Passing networks

Here we look at how to create a passing network and measure centralisation. Is one player hogging the ball?

Start with the necessary imports.

import matplotlib.pyplot as plt
import numpy as np
from mplsoccer import Pitch, Sbopen
import pandas as pd

Opening the dataset

The event data is stored in a dataframe df as usual.

parser = Sbopen()
df, related, freeze, tactics = parser.event(69301)

Preparing the data

For passing networks we use only accurate/successful passes made by a team until the first substitution.
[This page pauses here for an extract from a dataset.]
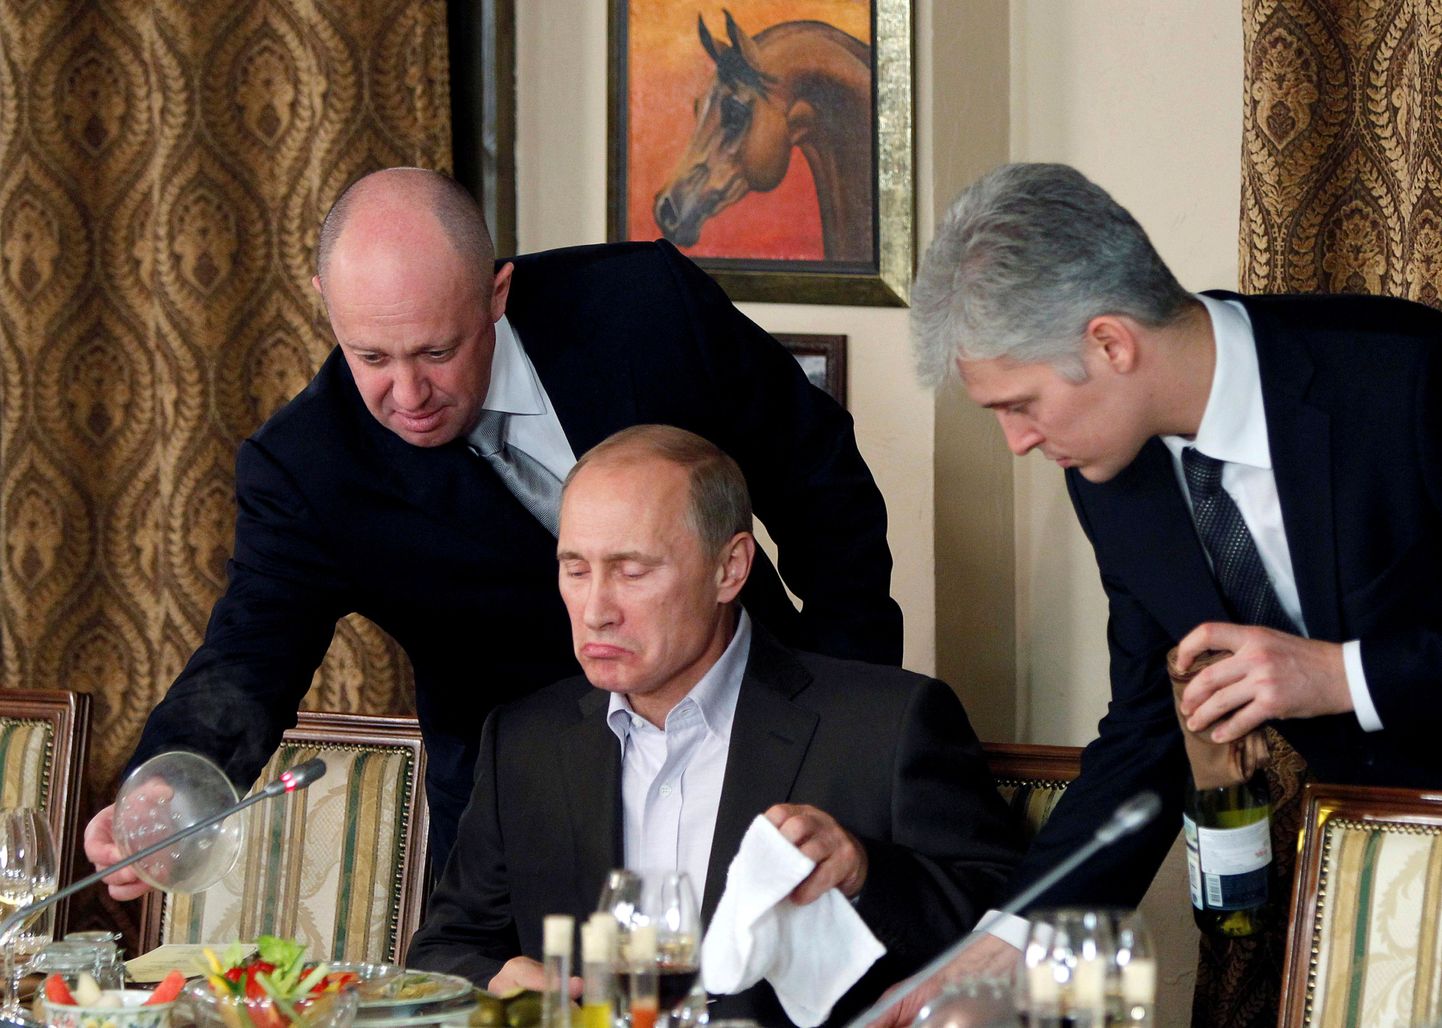 Venemaa toitlustus-ja restoraniärimees Jevgeni Prigožin (vasakul) teenindamas talle kuuluvas restoranis Cheval Blanc Venemaa presidenti Vladimir Putinit
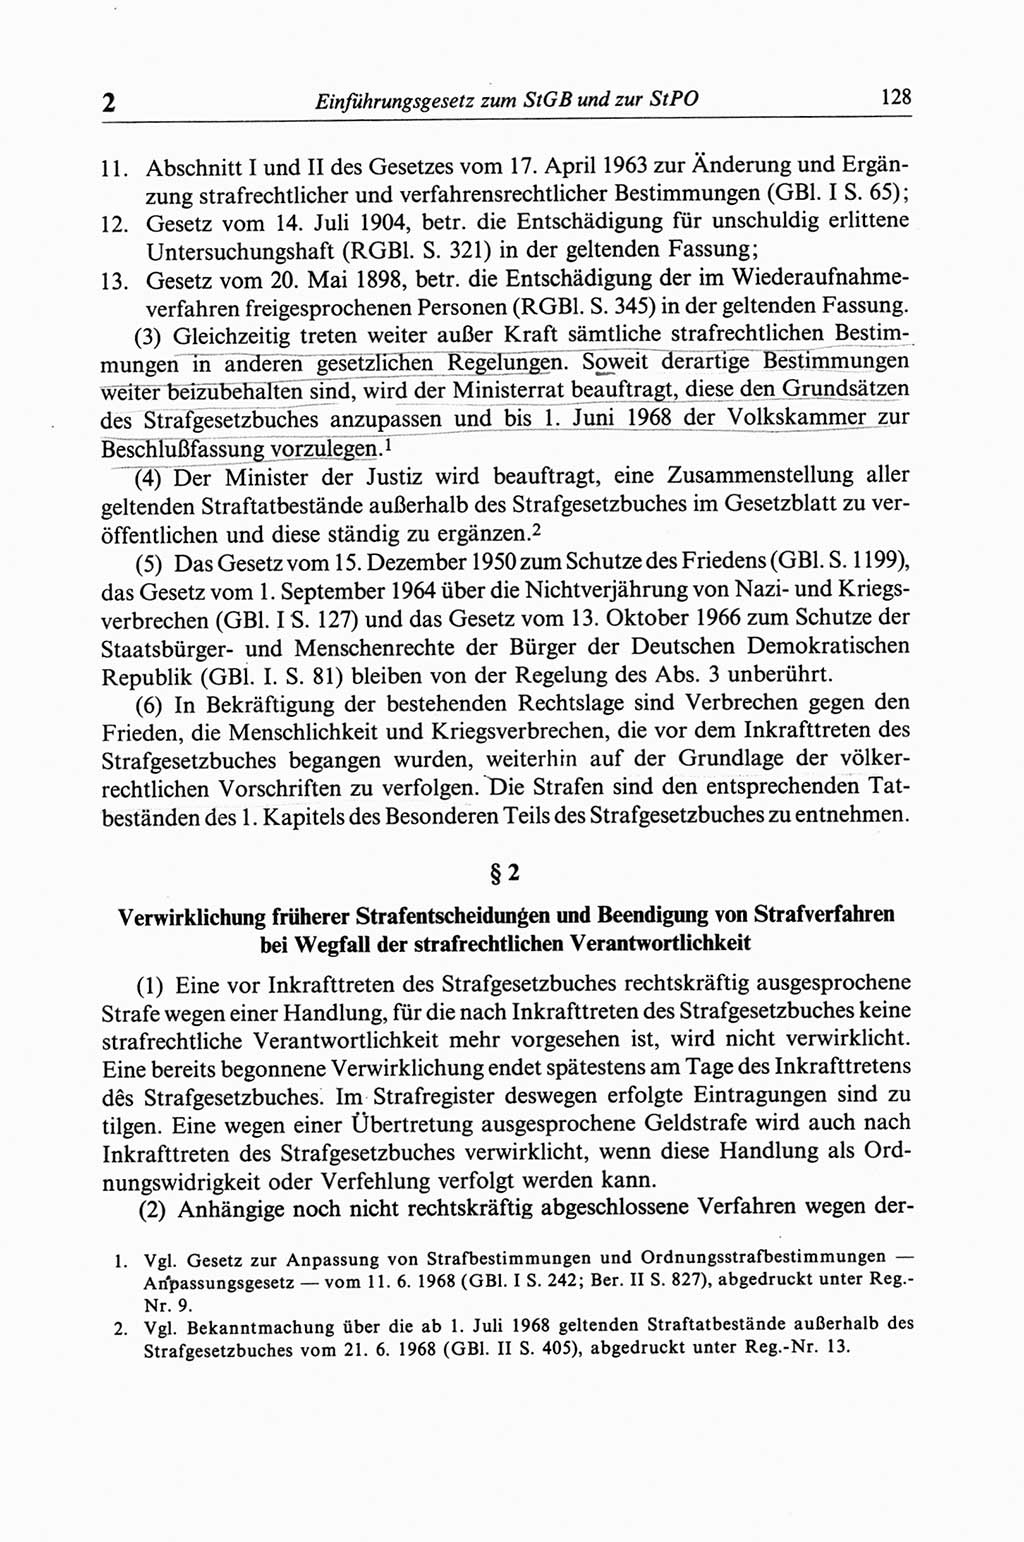 Strafgesetzbuch (StGB) der Deutschen Demokratischen Republik (DDR) und angrenzende Gesetze und Bestimmungen 1968, Seite 128 (StGB Ges. Best. DDR 1968, S. 128)

This is mainly just to get going and there are several possible variations of this. We need information about pass start and end location as well as player who made and received the pass. To make the vizualisation clearer, we annotate the players using their surname. (This works for English women side, since players’ surnames are single-barrelled. But can cause problems.For example, Leo Messi’s name in Statsbomb is Lionel Andrés Messi Cuccittini. So the name Cuccittini will come up if you run this code on his matches!).

#check for index of first sub
sub = df.loc[df["type_name"] == "Substitution"].loc[df["team_name"] == "England Women's"].iloc[0]["index"]
#make df with successfull passes by England until the first substitution
mask_england = (df.type_name == 'Pass') & (df.team_name == "England Women's") & (df.index < sub) & (df.outcome_name.isnull()) & (df.sub_type_name != "Throw-in")
#taking necessary columns
df_pass = df.loc[mask_england, ['x', 'y', 'end_x', 'end_y', "player_name", "pass_recipient_name"]]
#adjusting that only the surname of a player is presented.
df_pass["player_name"] = df_pass["player_name"].apply(lambda x: str(x).split()[-1])
df_pass["pass_recipient_name"] = df_pass["pass_recipient_name"].apply(lambda x: str(x).split()[-1])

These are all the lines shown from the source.